任逍遙乍見韓逸不由一楞,接著神情浮現幾分尷尬之色。
一個是打劫的劫匪,一個是被劫的苦主,如今兩相碰面,身份又變成了主人和貴賓,饒是任逍遙臉皮厚如城墻,卻也覺得此情此景有些難為情。
“任大人,咱們又見面了,呵呵。”
遠遠見任逍遙走來,韓逸滿臉笑容迎上前去,還一邊拱手見禮。
“啊?為什么說‘又’?”任逍遙有些心虛。
韓逸聞言楞了楞,接著笑道:“任大人貴人多忘事,前日在蘇州城外,在下已見過大人一面,大人莫非不記得了?”
任逍遙也楞了,接著便笑了,嘿!這小子跟我一個毛病,原來也喜歡玩裝失憶,太好了!
笑瞇瞇的走上前,任逍遙親熱的勾著韓逸的肩膀,笑道:“記得,當然記得,你也別叫我大人,你我兩家本是世交,我叫你一聲大哥得了,你就叫我小弟弟吧……哎,關于青龍山下……”

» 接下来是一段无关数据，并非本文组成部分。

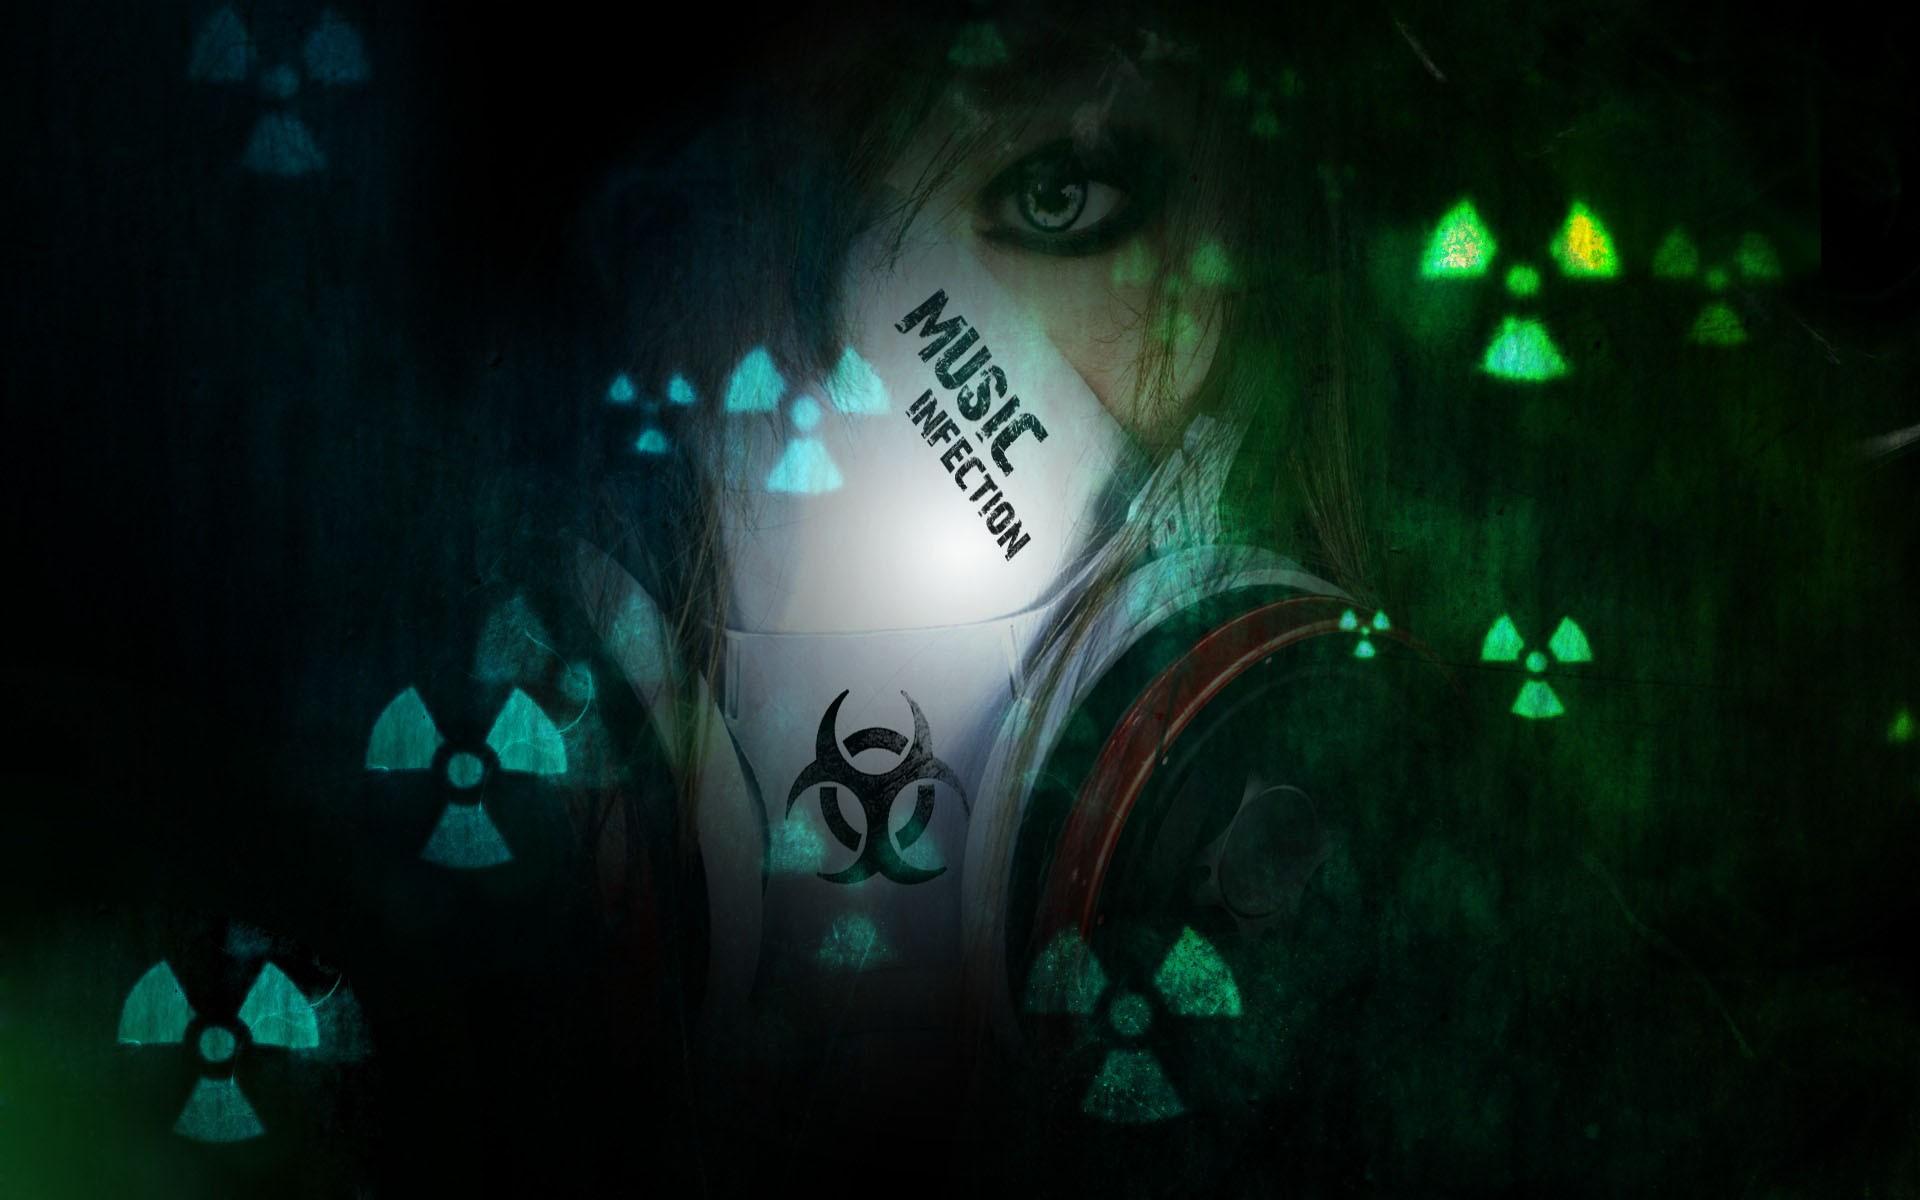 Radioactive Zombie Wallpaper Toxic Mask Wallpaper -...
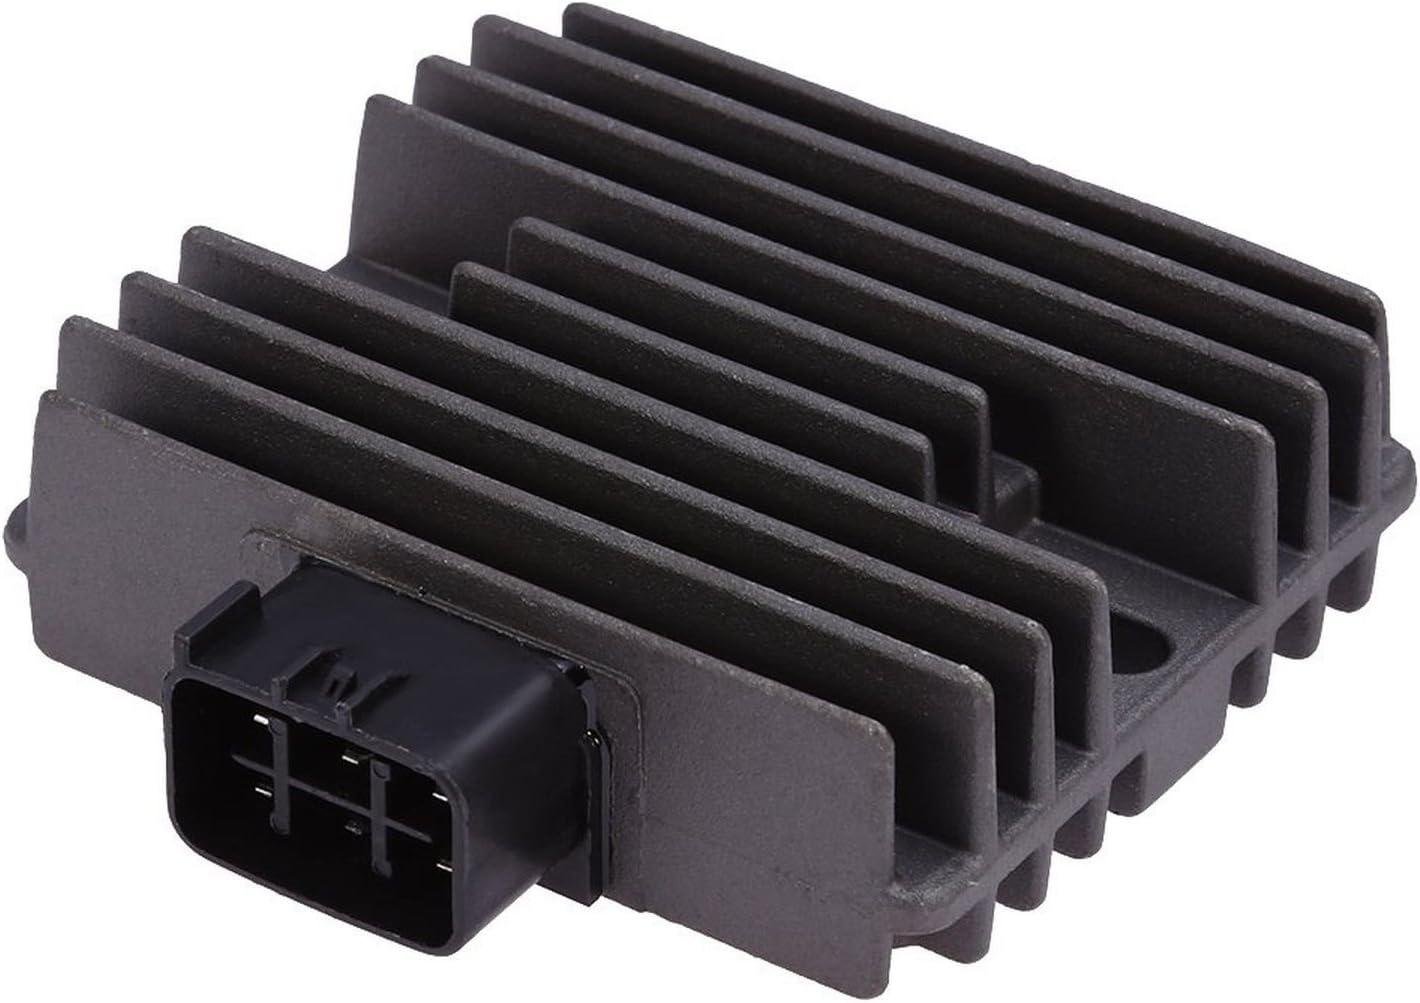 Voltage Regulator Rectifier For CAN-AM Outlander 330 400,Honda TRX 400//450//500,Suzuki LT-A 400 450 500 700 750,Yamaha R6 YFM660 YFM700 YXR660 XP500 XVS1100

“忘了,忘得干干凈凈了!”韓逸立馬識趣的接道,還朝任逍遙友善的眨了眨眼。
“太上道了!我也經常自動忘記一些事情,比如我欠誰錢啦,我扁了誰啦,我燒了誰家房子啦等等,這些不愉快的經歷何必老念念不忘呢?你說對吧?看來咱倆是知己啊……”
任逍遙笑得無比暢快,勾著韓逸的肩膀便往韓府前堂走去。
“這個……任賢弟,小妹要我問你,何時將我家的貨物還回來……”
任逍遙俊臉立馬一黑:“你不是說忘了這事兒嗎?”
韓逸苦笑道:“我確實是忘了,可小妹卻沒忘呀……”
任逍遙眼珠轉了轉,隨即嘿嘿笑道:“她沒忘又怎樣?現在我已忘了……”
韓逸瞠目結舌,這位傳說中的欽差大人,怎的如此……如此與眾不同?
前堂外,數十名從京中一直跟隨的禁軍高手排成兩行,呈雁型排在前堂正門外。
見任逍遙過來,韓竹含笑迎上前,道:“任賢侄,昨夜睡得可好?”
任逍遙隱秘的翻了個白眼,睡得好不好,我這兩只像熊貓的眼睛還沒給你答案嗎?這古代人怎么老喜歡問廢話?
話說,韓家三小姐住的小樓防備怎么比影子營地還嚴密啊?莫非她全身上下都是金子做的?
“韓世伯客氣了,如此盛情招待小侄,小侄實在是過意不去呀……呵呵,小侄此來向韓世伯告辭,改日閑暇,必當再來叨擾。”
順便偷看你女兒洗澡,我就不信這邪了,天底下有我玉面飛龍看不著的東西?
韓竹爽朗大笑:“賢侄有公務要辦也不忙于這一時,時已近午,用過膳再走不遲,哪有讓貴客空著肚子出門的道理?”
說完韓竹不由分說,拉著任逍遙便進了前堂。
前堂內,酒菜早已布置好,韓亦真靜靜的站在前堂大門處,面無表情,不一語,任逍遙朝她友好的笑了笑,換來了她一記狠瞪。